Liederkreis 1 . [In foreign lands]

From the direction of home, behind the red flashes of lightning
There come clouds,
But Father and Mother are long dead;
No one there knows me anymore.

How soon, ah, how soon will that quiet time come,
When I too shall rest, and over me
the beautiful forest's loneliness shall rustle,
And no one here shall know me anymore.

Elle écoute encore Peter HÜBNER [un enregistrement live audio est disponible sur la page www.classicalmusicgroup.de].

Elle relitcet hymne cité plus haut, de Joseph von Eichendorff, sur une musique de Robert Alexander Schumann.

Et ce n'est pas tout...

Lundi j'ai fait mon jardin. Devant la maison, il y a un petit terrain d'environ trente pieds par cinquante. Quand j'ai acheté cet appartement il y a huit ans, j'avais bien vu que le jardin était en friche et que les gens du deuxième et du premier ne semblaient pas s'y intéresser, alors je leur ai dit que j'avais envie de le faire fleurir et ils m'ont dit bonne chance avec un petit sourire en coin, et que rien n'a jamais poussé là donc si ça vous amuse, nous, on n'a pas d'objection. J'ai dit bingo. Alors c'est comme ça que ce petit jardin est devenu presque comme s'il était juste à moi, même si cet espace est commun aux trois étages. Enfin bref, c'est pas très grand, mais juste assez pour faire pousser des tas de choses. Les années avant, j'ai planté trois petits cèdres, des Iris de Russie et un Rosier sauvage, et l'année dernière, une Spirée Van Houtte qui vient de fleurir. Une année, j'ai même planté des tubercules et j'ai récolté des pommes de terre. Je pense que des patates, ça pourrait pousser n'importe où. Je crois même que j'avais écrit ça dans le journal, sauf que j'ai pas trop envie de chercher où et quand. C'est vrai que je pourrais interroger les moteurs de recherche mais le lecteur est bien capable de faire ça tout seul, allez.

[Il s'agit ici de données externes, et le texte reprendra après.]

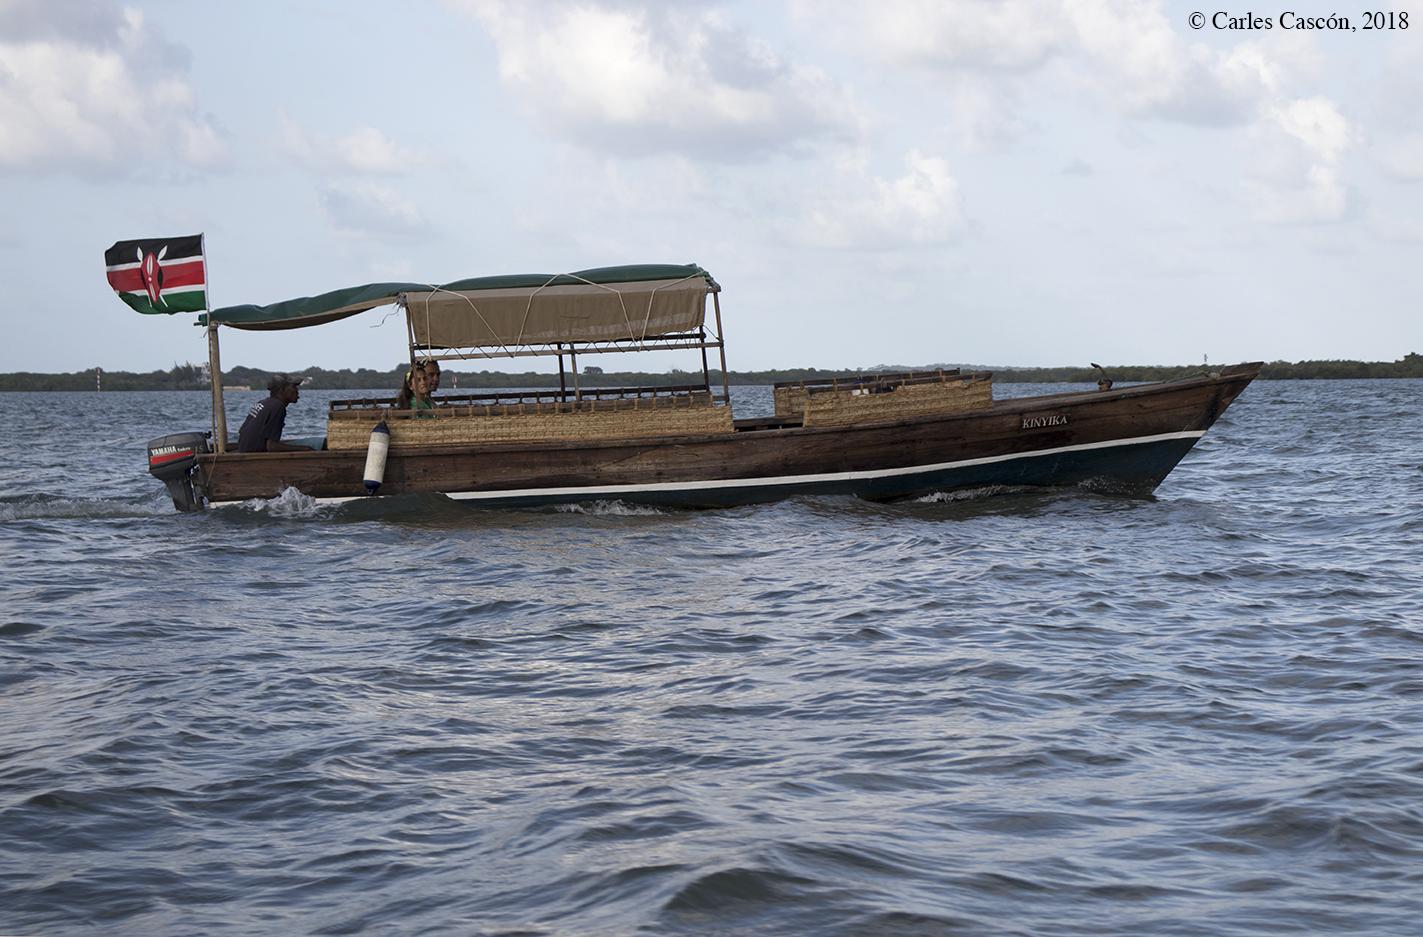 Barco que cubre el trayecto Lamu-Shela

Mon seul problème c'est le vieil érable majestueux qui, avec ses racines, épuise toute les vitamines du sol et durcit la terre. Sans compter les innombrables cailloux et grosses racines enfouies qui font toc toc et cassent mes outils quand je creuse des trous et en plus qui prennent toute la place dans le sol. Alors je creuse avec la bêche et je creuse et je remplace la terre usée par de la riche terre noire spéciale jardin et du compost et des plantes vivaces qui vont repousser l'année prochaine et toutes les autres années après (I hope). Avec tout ça, j'ai plus de dos, plus de mains, rien, je suis plus bonne à rien.

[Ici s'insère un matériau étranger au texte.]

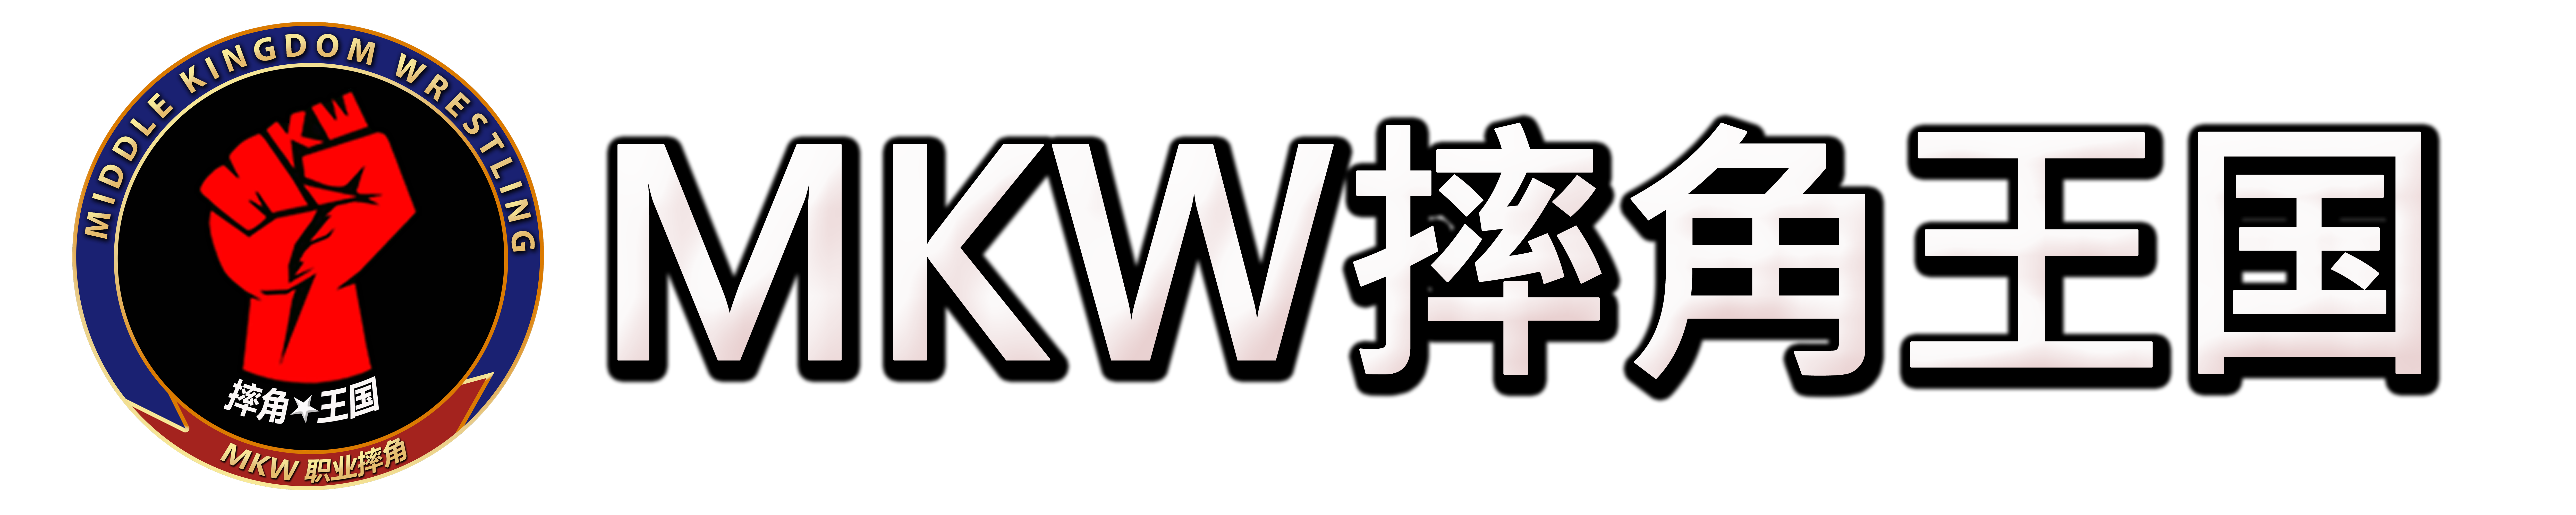 MKW 摔角王国

Qu'est-ce que j'ai planté cette année ? D'abord plusieurs Hostas qui vont donner de jolies petites fleurs violettes, une Tradescantia de Virginie exactement pareille à celle de la page 145 [été 2001] et elle est en fleur depuis ce matin [Thank God, c'est pourtant pas vendredi], des Hémérocales jaunes, une Bergerian pourpre qui est divinement magnifique avec ses larges feuilles, et deux ou trois autres belles douces de toutes les couleurs avec des noms en latin que j'ai oubliés (j'ai pourtant mis les petites fiches techniques quelque part, mais où ? Toutes des plantes d'ombre au feuillage abondant et qui vont fleurir tout l'été. C'est déjà commencé. La pluie de la nuit dernière a déjà fait doubler tout ce beau monde-là. Patience lecteur, on va être bien cet été !

Et puis ce soir c'est jeudi. Elle repense à une longue lettre qu'elle a écrite avec son coeur et qui est restée sans réponse. Elle avait cru en quelqu'un qui n'existe pas. Nietzsche est mort. Mort de sa belle mort. Ce n'était qu'un personnage de roman et le roman est terminé. Encore quelques pages et elle écrira le mot FIN, finalement. Il ne lui reste plus qu'à se suicider [ohé, ohé].